◆ **WHAT IS REQUIRED**
Each line from the one bearing "osezlefeminisme photo" through the last line of the entries below should be returned exactly, with pictures left out.

◆ ◆ ◆ ◆ ◆ ◆ ◆

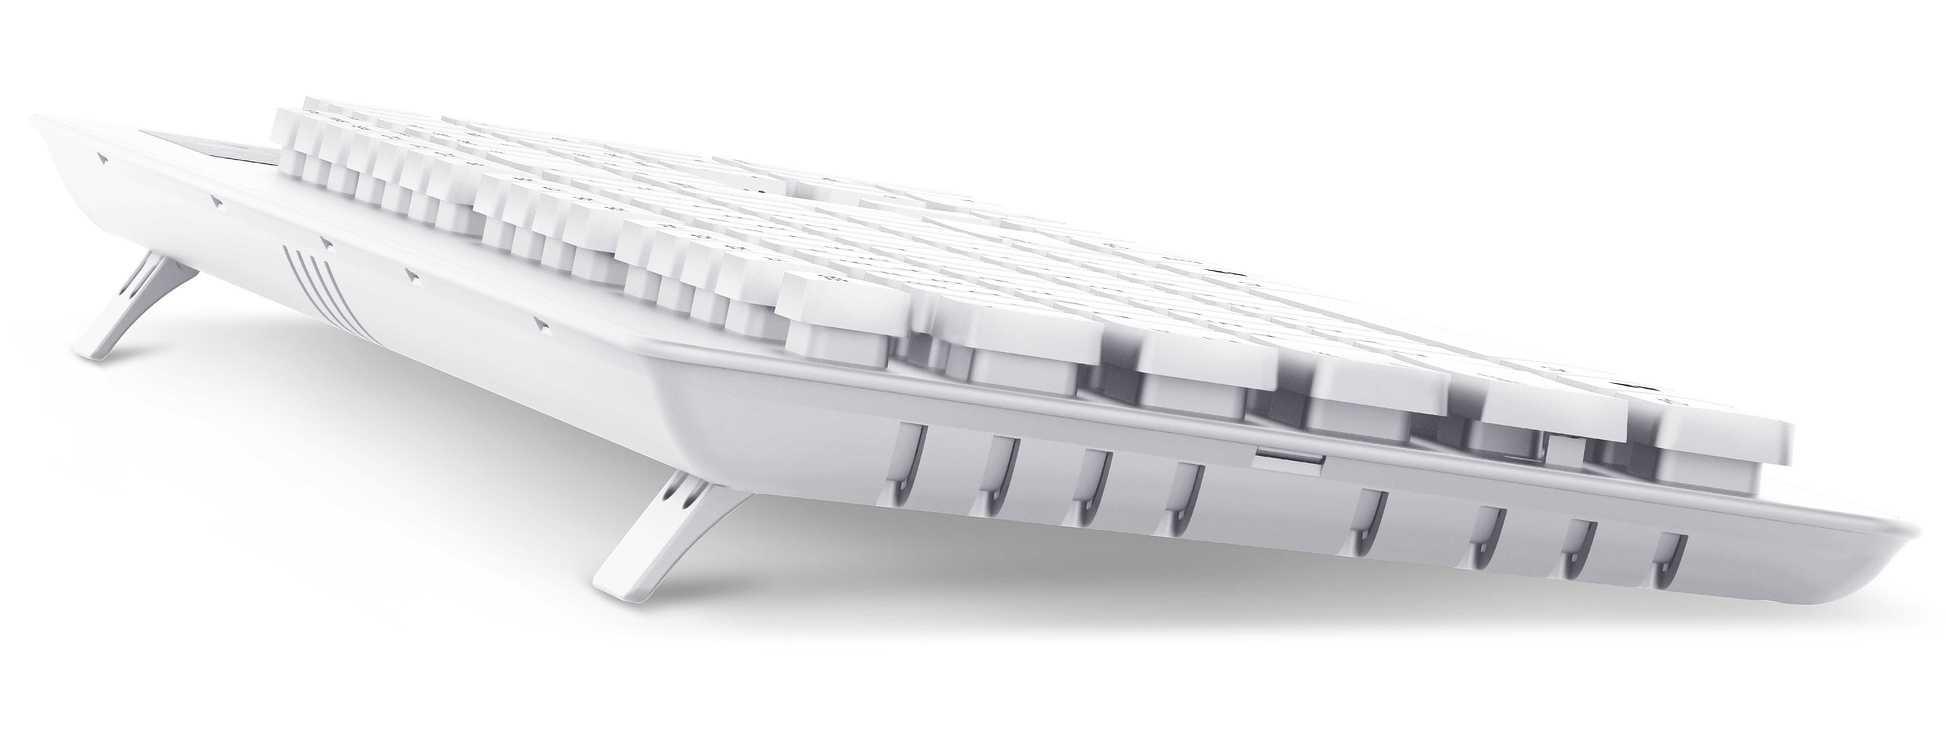 CLAVIER SLIMSTAR 130 FILAIRE PLAT USB BLANC PC slimstar130white-3
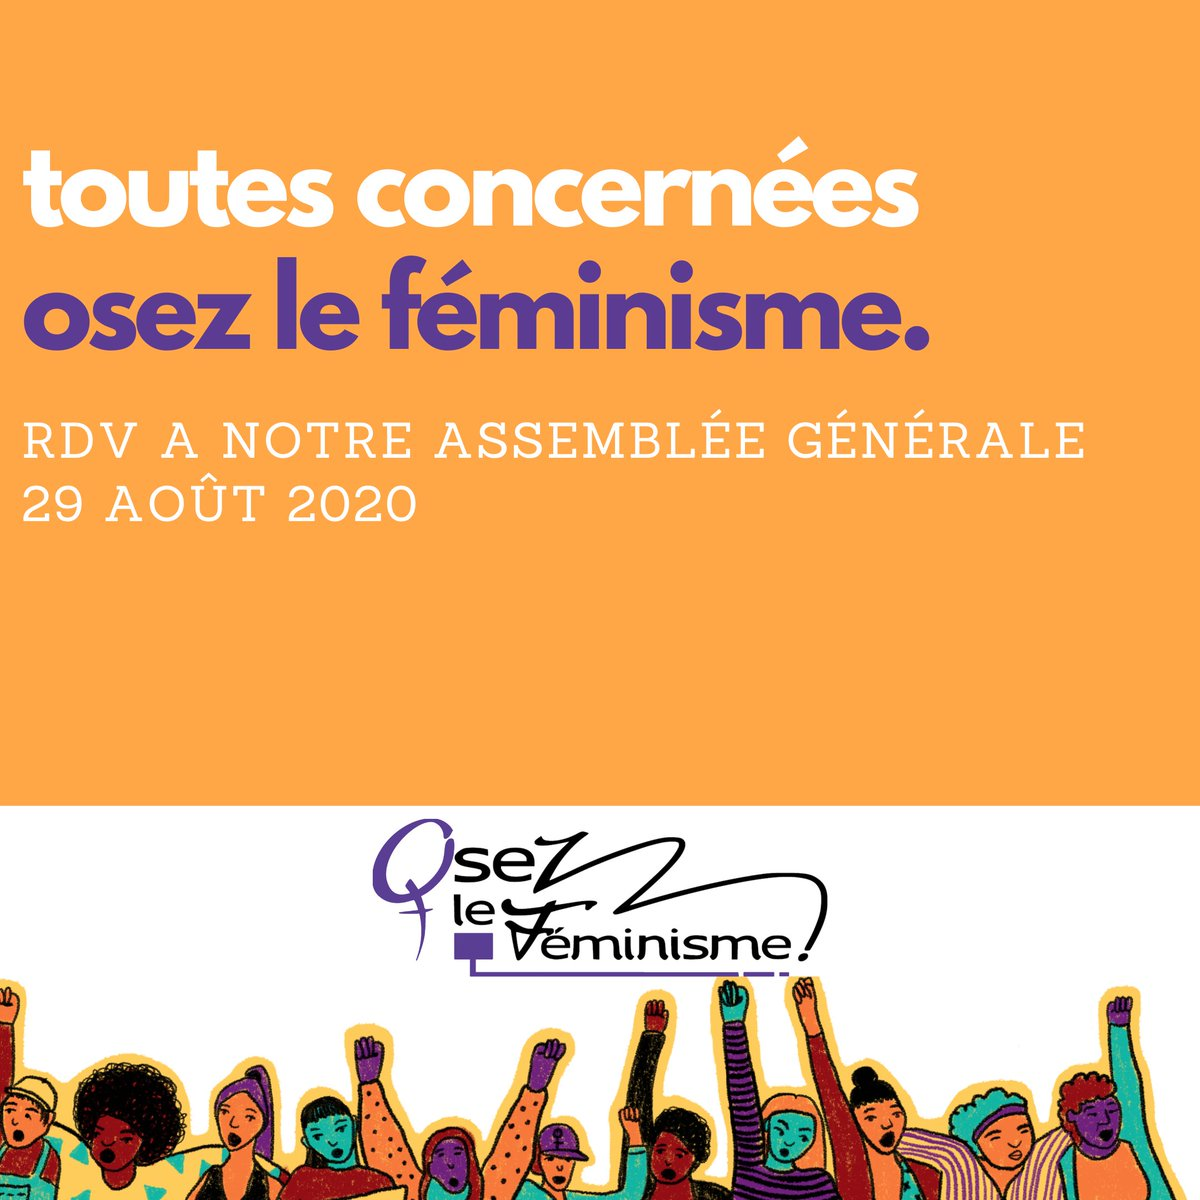 osezlefeminisme photo
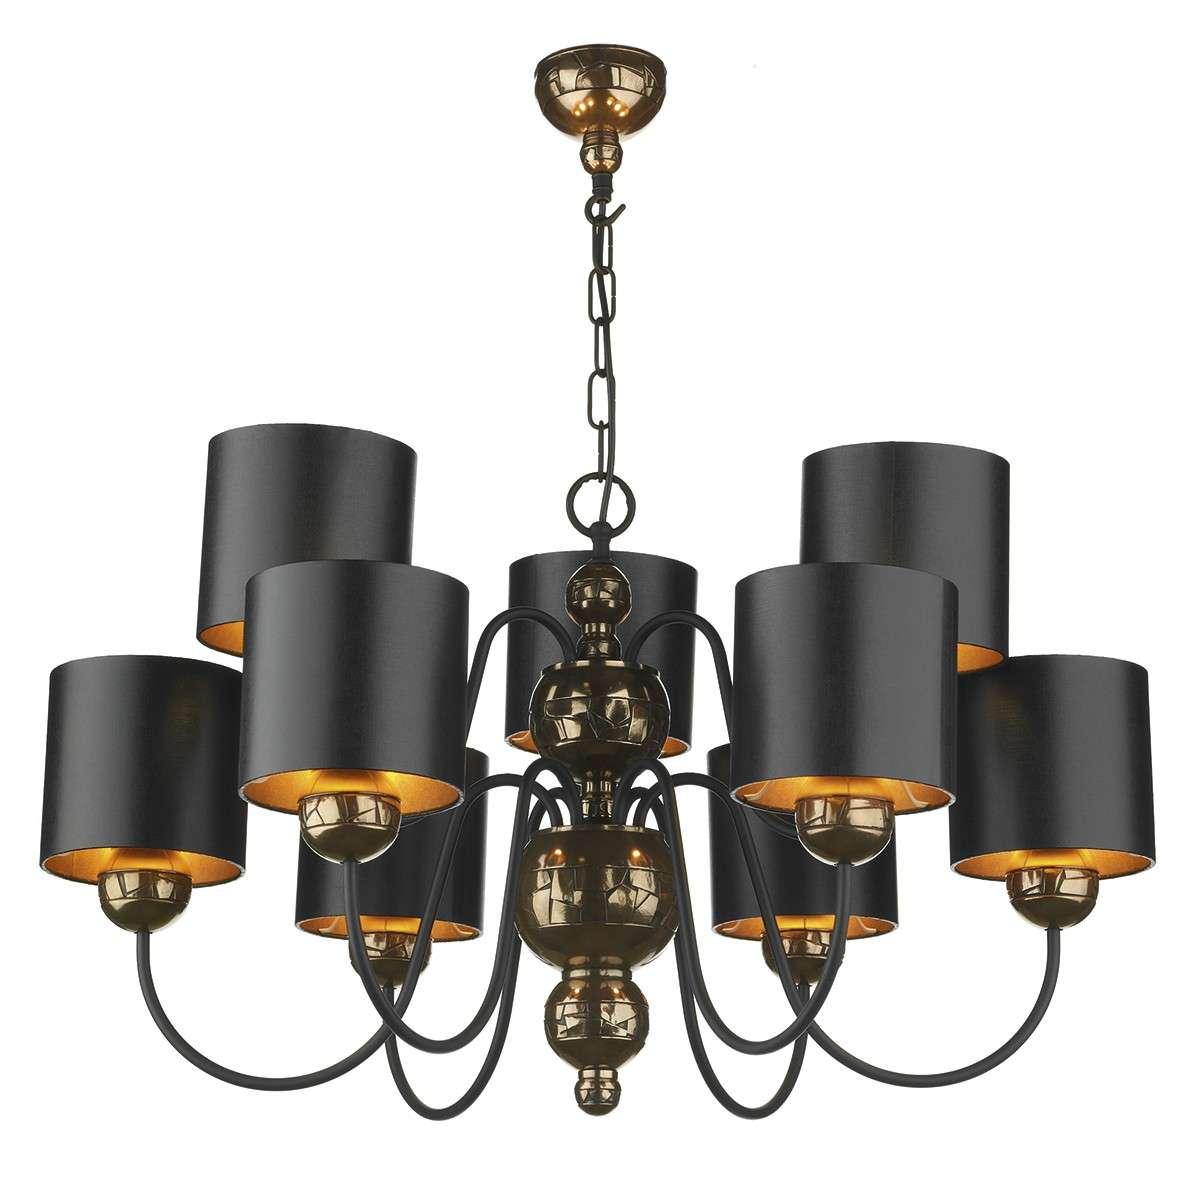 Garbo 9 Light Pendant Bronze complete with Black Bronze Shades
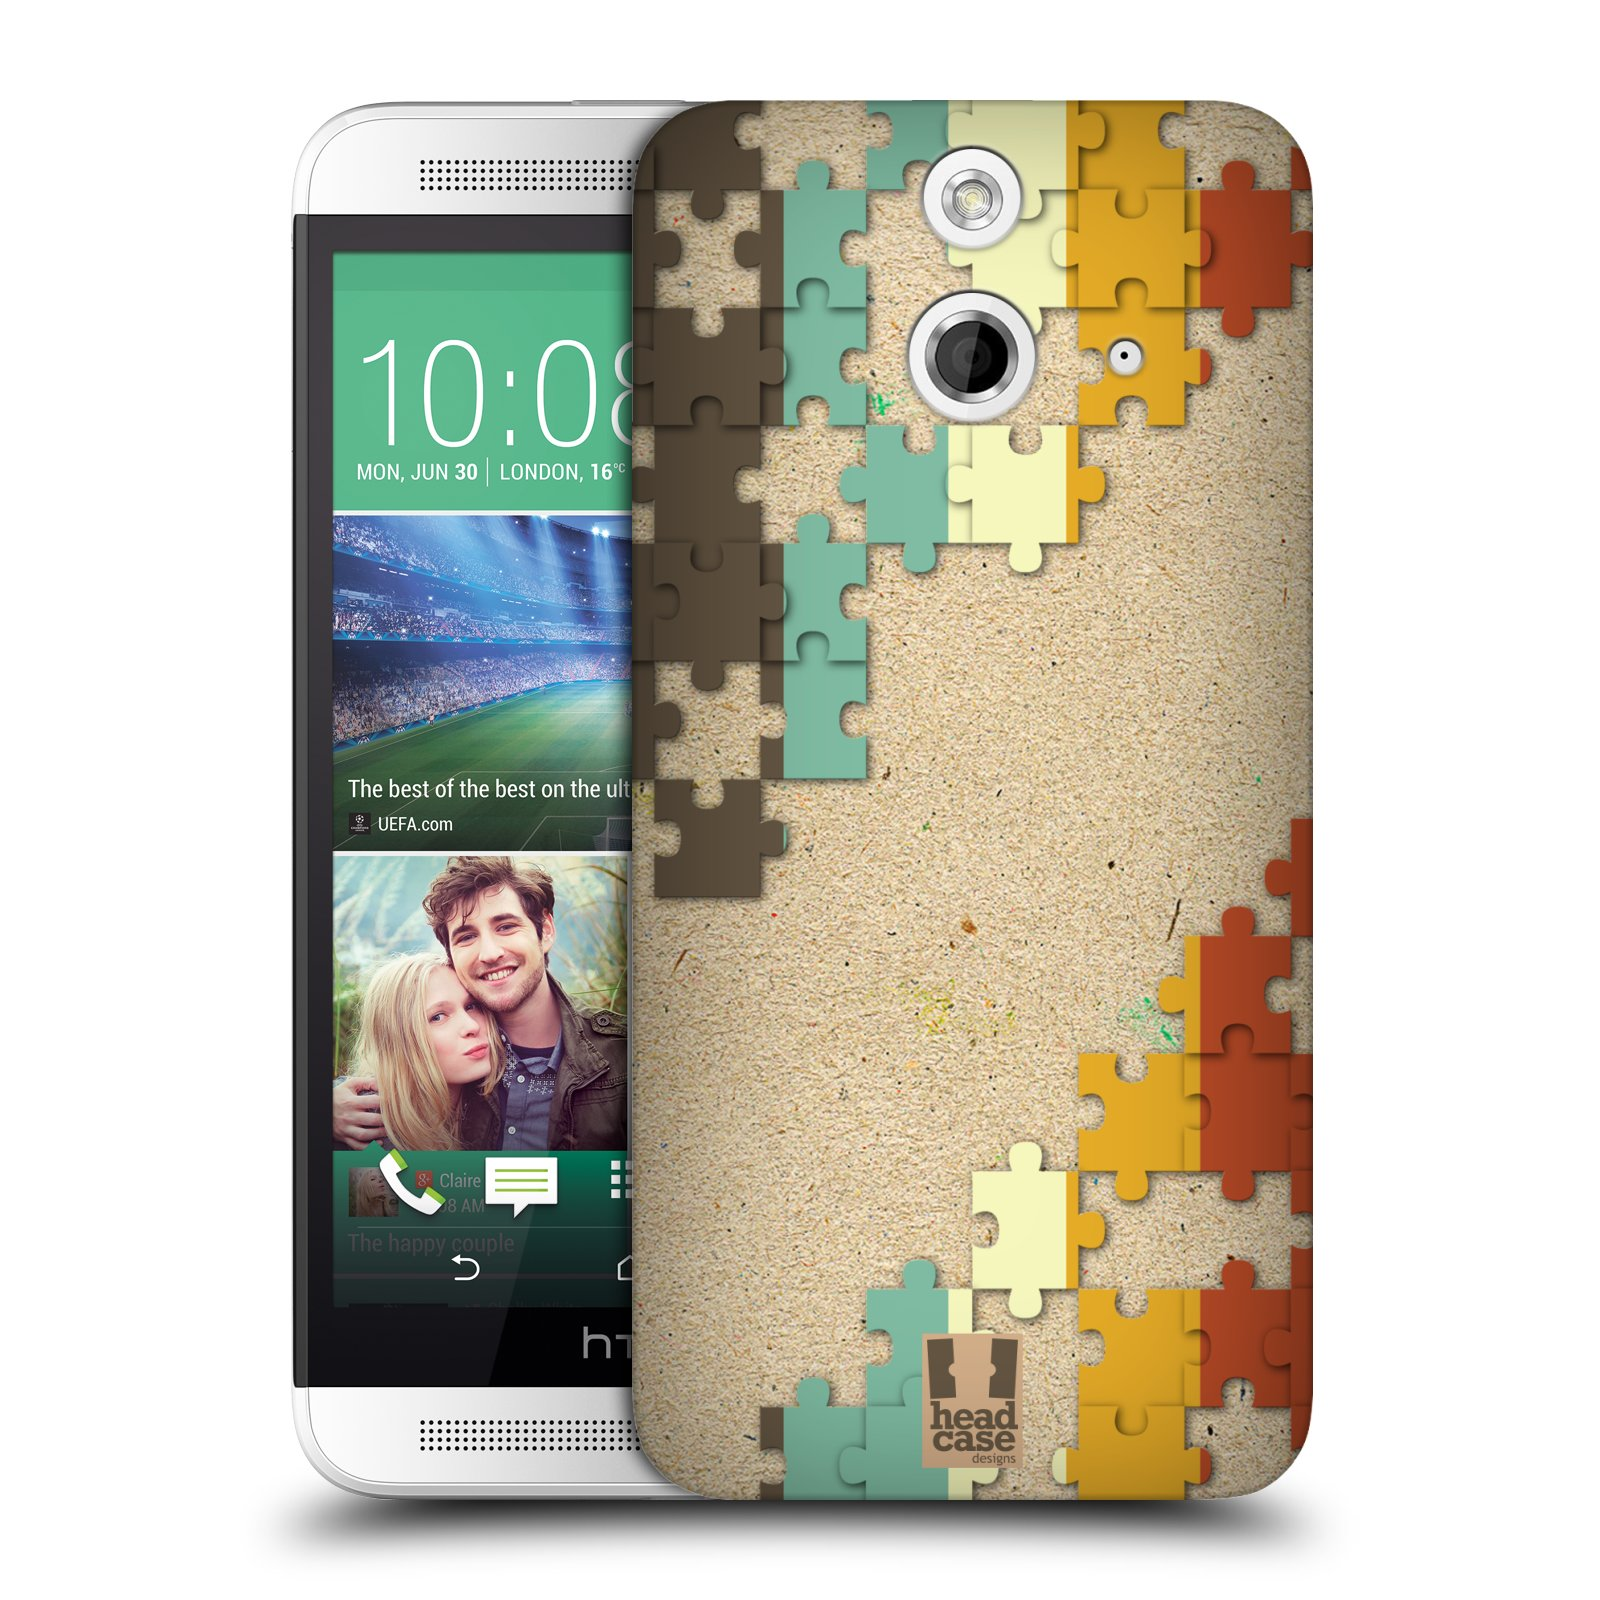 HEAD CASE DESIGNS PUZZLE PIECES HARD BACK CASE FOR HTC ONE E8 DUAL SIM
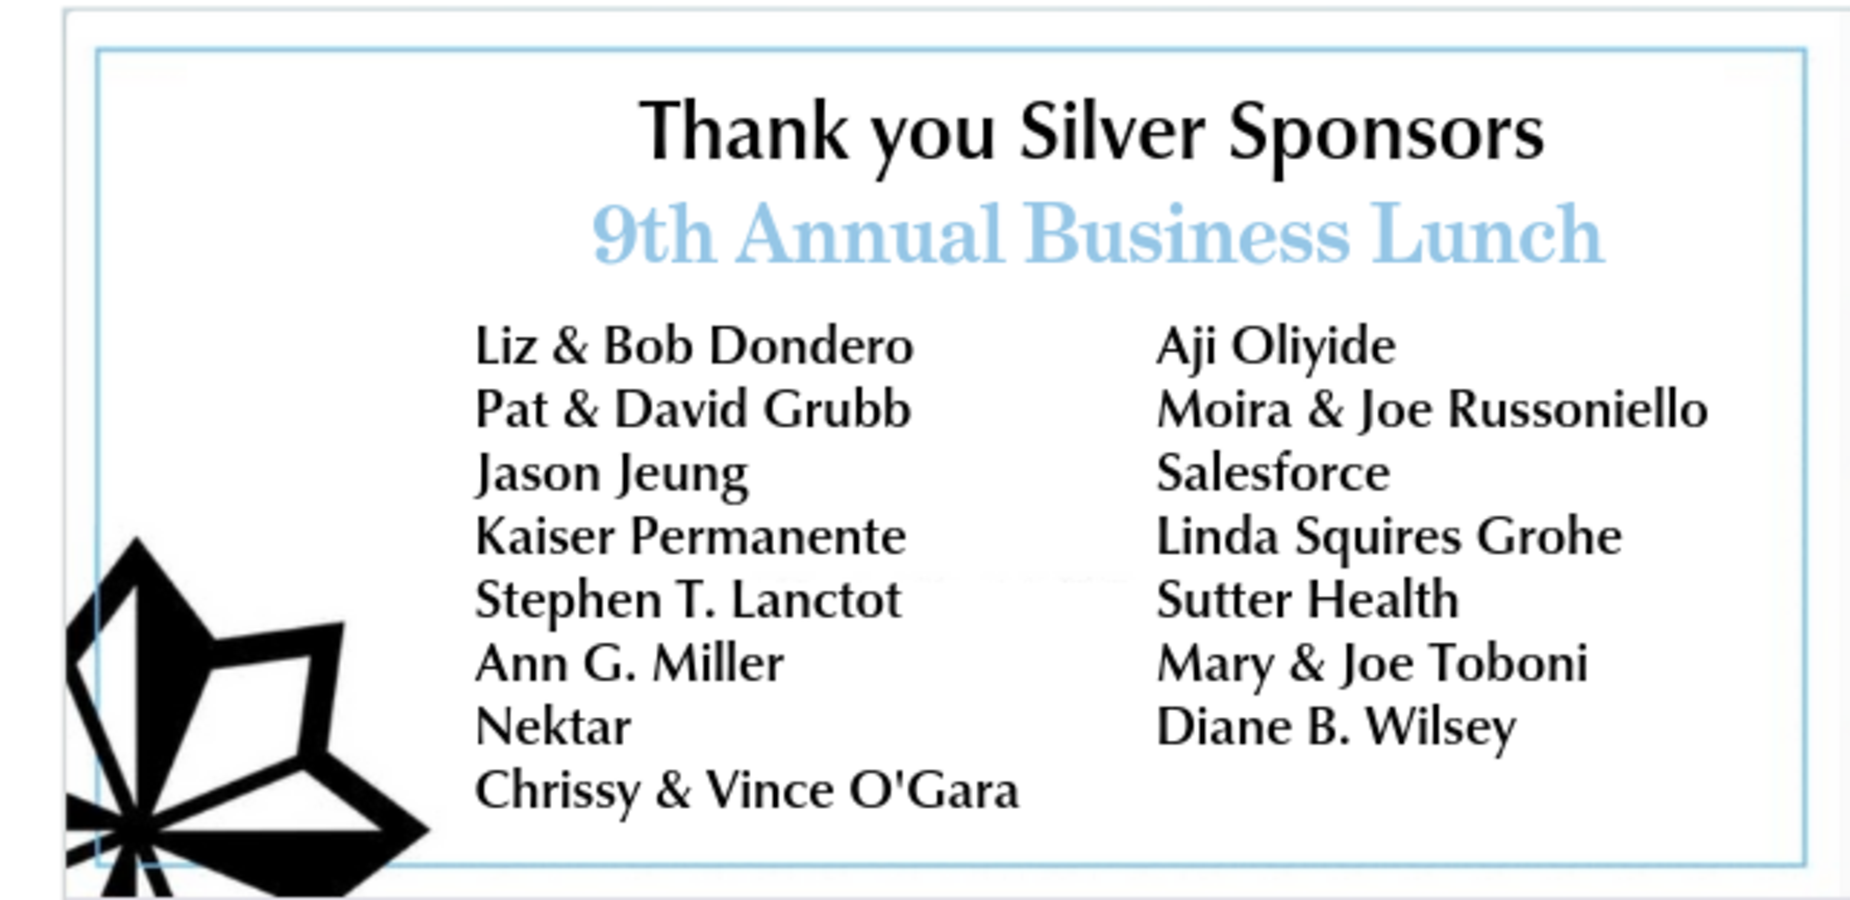 Silver sponsor list

◆ ◆ ◆ ◆ ◆ ◆ ◆

◆ **TASK OUTPUT**
 osezlefeminisme photo
 Garbo 9 Light Pendant Bronze complete with Black Bronze Shades
 HEAD CASE DESIGNS PUZZLE PIECES HARD BACK CASE FOR HTC ONE E8 DUAL SIM
 Silver sponsor list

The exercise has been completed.